Top investors are aware that woke capitalism is a farcical concept
This is an adapted excerpt from “Go Woke, Go Broke: The Inside Story of the Radicalization of Corporate America” (Center Street, August 6).
Wokeism in the corporate world, whether through ESG or DEI initiatives, is often seen as a sham on multiple levels.
While Google is praised for its ESG efforts, questions arise about its enforcement of speech codes within its workforce, exemplified by the case of James Damore, a Google engineer who was fired for calling out left-wing bias within the company.
Similarly, Apple and Tesla, despite their environmentally friendly images, are not immune to criticism. Larry Fink, CEO of BlackRock, a major financial institution, has shed light on the paradox of ESG compliance in the production of products like iPhones and electric car batteries.

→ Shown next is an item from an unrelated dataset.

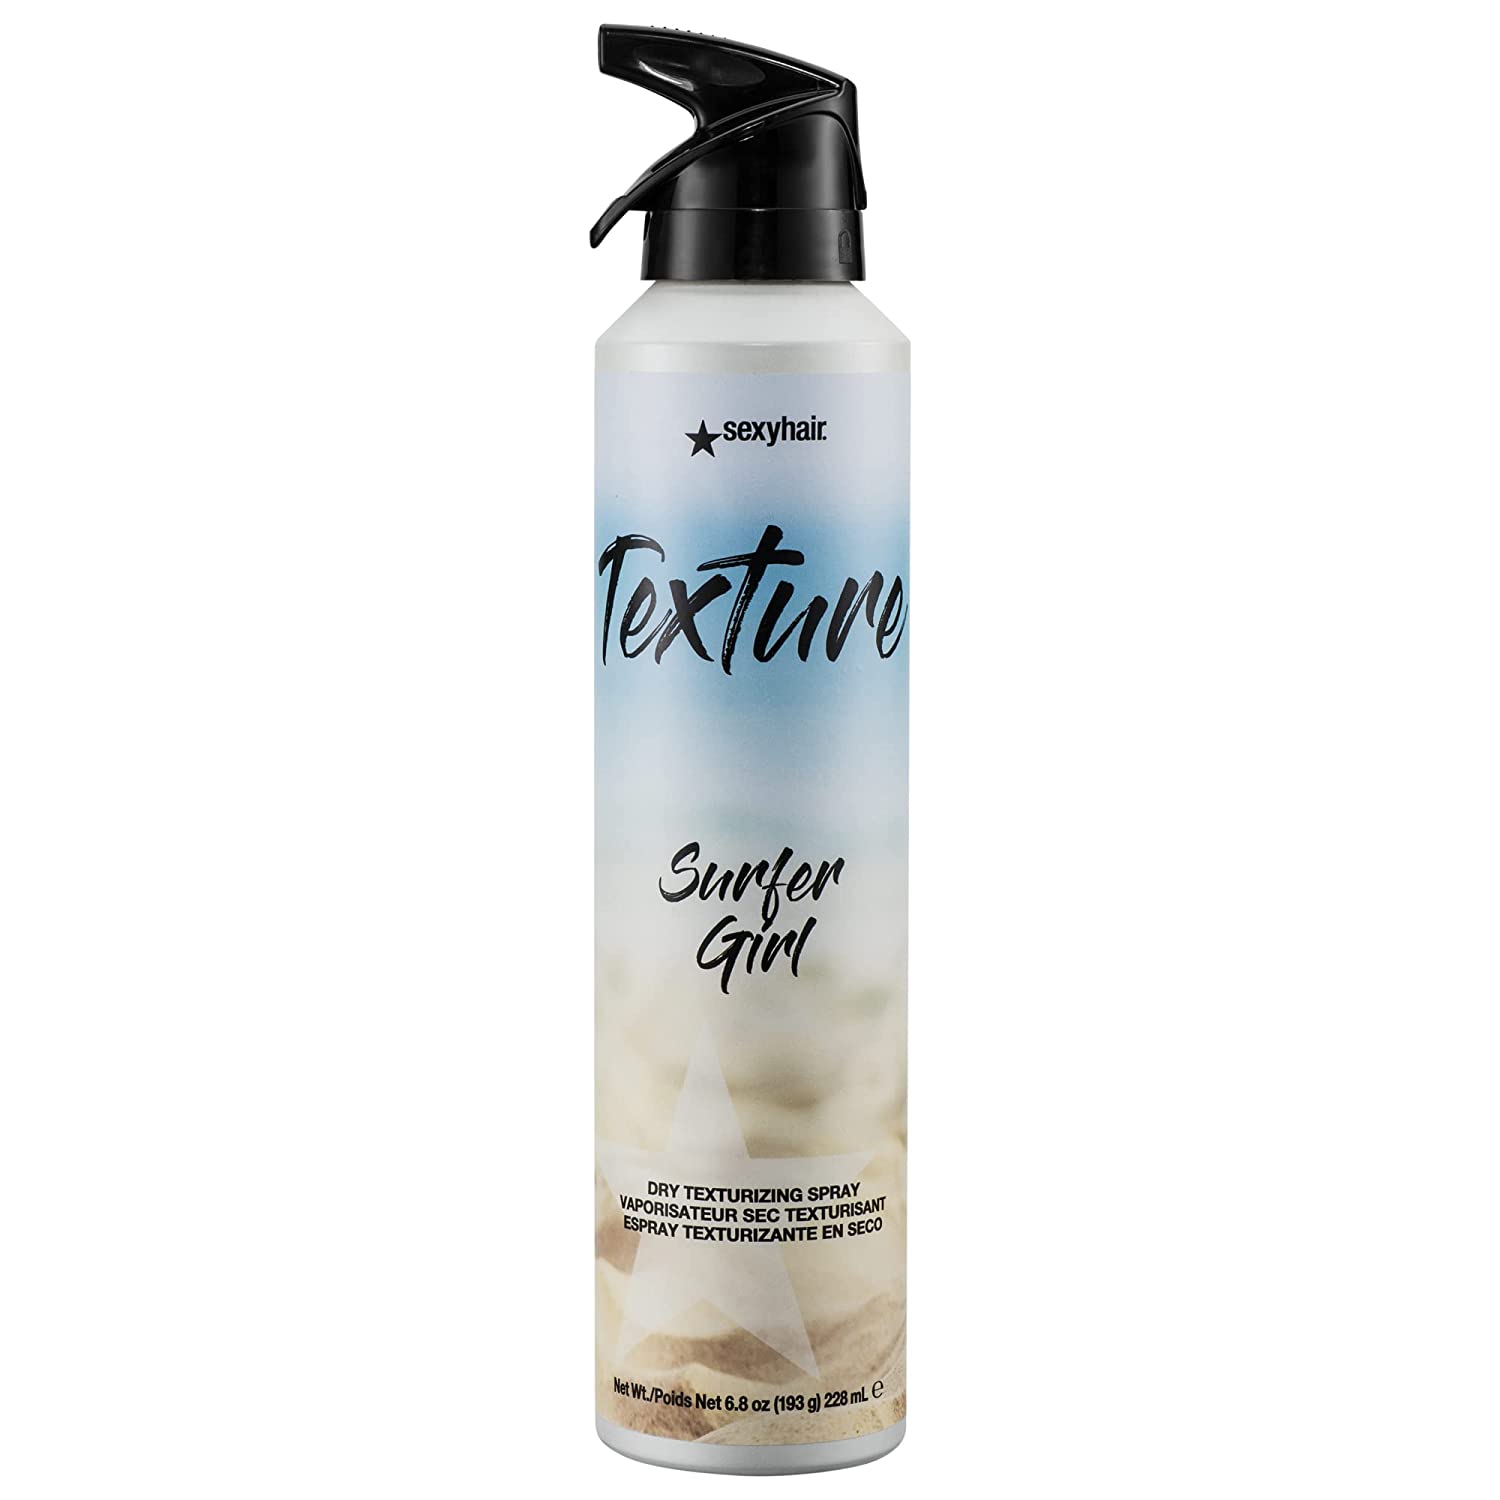 SexyHair Texture Surfer Girl Dry Texturizing Spray - 6.8 oz (Buy 3 Get 1 Free Mix & Match)

Despite his influence and advocacy for ESG, Fink recognizes the contradictions within the system, acknowledging the detrimental impact of mining practices for essential minerals used in technology production.
Furthermore, the push towards ESG and stakeholder capitalism in corporate America has been linked to increased income inequality, with top earners benefiting disproportionately while the working class struggles.
While the intentions behind ESG and woke capitalism may be noble, the realities on the ground paint a different picture. The persistence of inequalities in corporate leadership, unemployment rates, and poverty levels suggest that the current approach may not be as effective as originally envisioned.